Bangalore-based microfinance company Janalakshmi Financial Services has raised Rs 1,000 crore by issuing fresh equity shares to a group of investors led by global private investment firm TPG, as the country’s biggest microfinance institution by gross loans gears up to convert into a small finance bank (SFB).
Other existing investors, which participated in the latest round, include Havells India, Vallabh Bhansali and an investment fund managed by Morgan Stanley Private Equity Asia, the company said in a release on Monday.
The small finance bank (SFB) licencee also announced that several existing investors have sold a part of their stake valued at Rs 400 crore.
Post the capital raising exercise, its promoter and chairman Ramesh Ramanathan said, “We are delighted to successfully close the transaction. Working alongside our investors, who truly share our vision and passion for transforming the lives of the financially underserved, we will build a stronger India through each loan we make.”

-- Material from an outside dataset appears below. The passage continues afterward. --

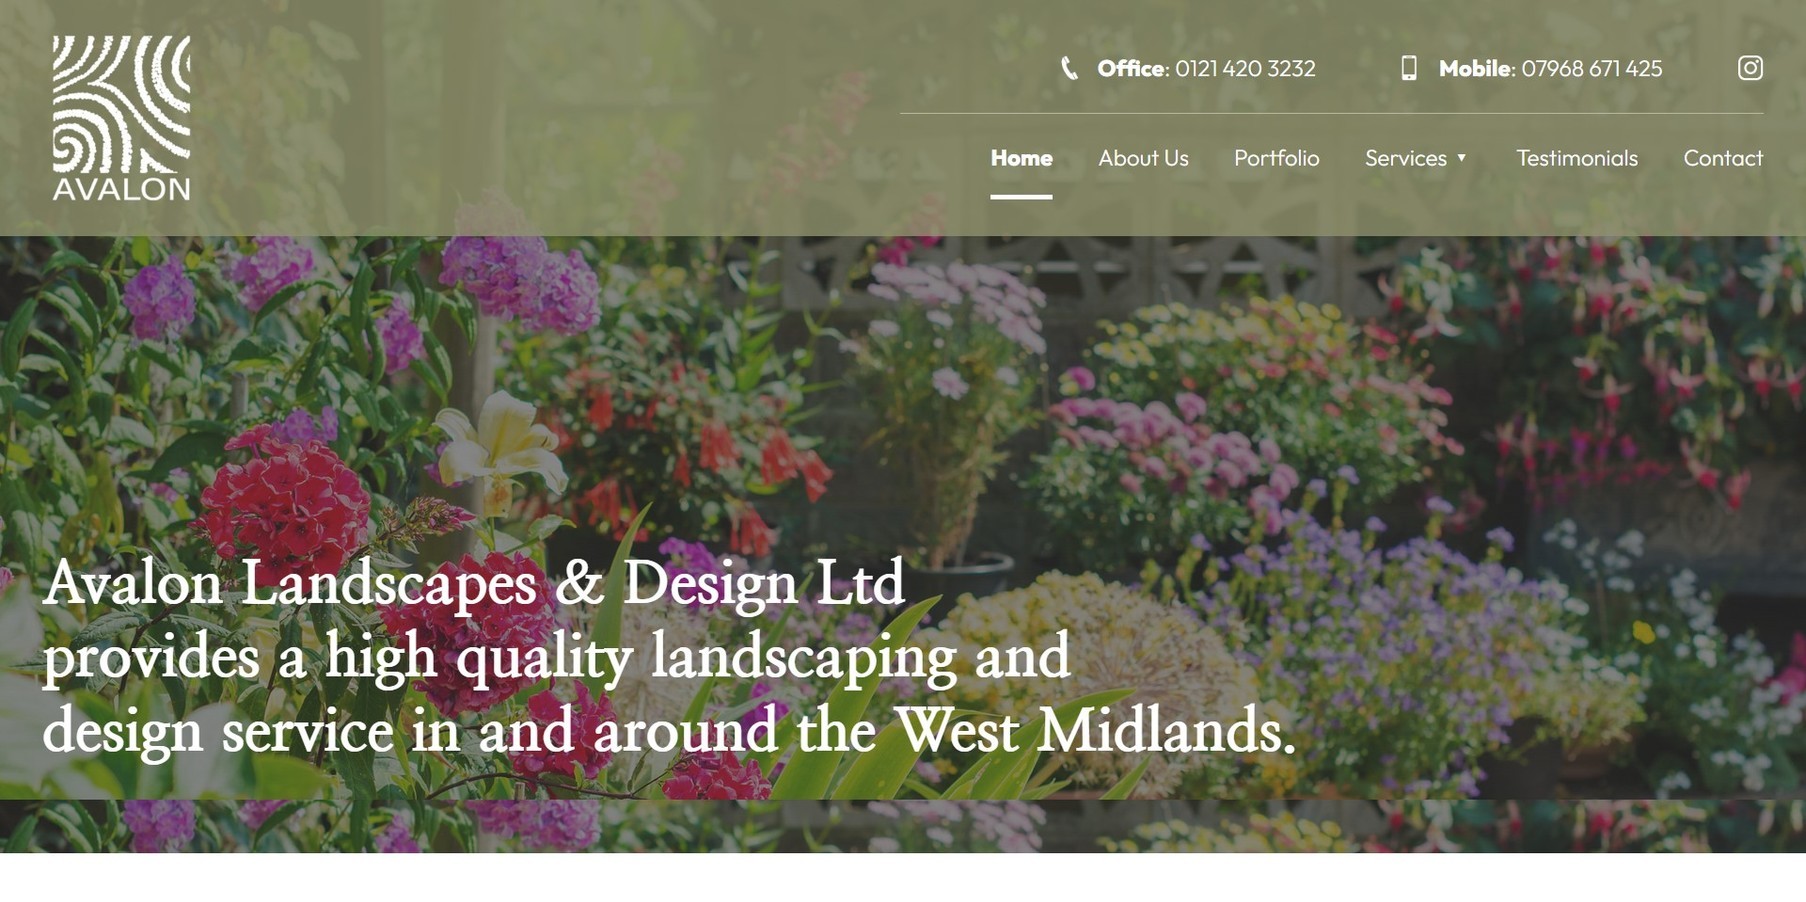 The new Express Lettings website from it'seeze

In September 2015, the Reserve Bank of India (RBI), as part of its objective to further financial inclusion, had granted in-principle approvals to 10 entities (from among 72 applicants) for setting up SFBs.
While the central bank hasn’t put any restriction on the area of their operations, it has mandated that at least 50% of an SFB’s portfolio should constitute loans and advances up to Rs 25 lakh and that at least 75% of their exposure should be to the priority sector.
Since the RBI has set a deadline of April 2017 for SFB licencees to start operations, most of them are working overtime to get their capital structure in place.
As per RBI guidelines, SFBs have to adhere to the FDI policy for private sector banks so far as foreign shareholding is concerned. However, foreign shareholders hold a majority stake in most of these companies.
Foreigners, for instance, had 68.87% stake in Janalakshmi Financial Services as of FY15.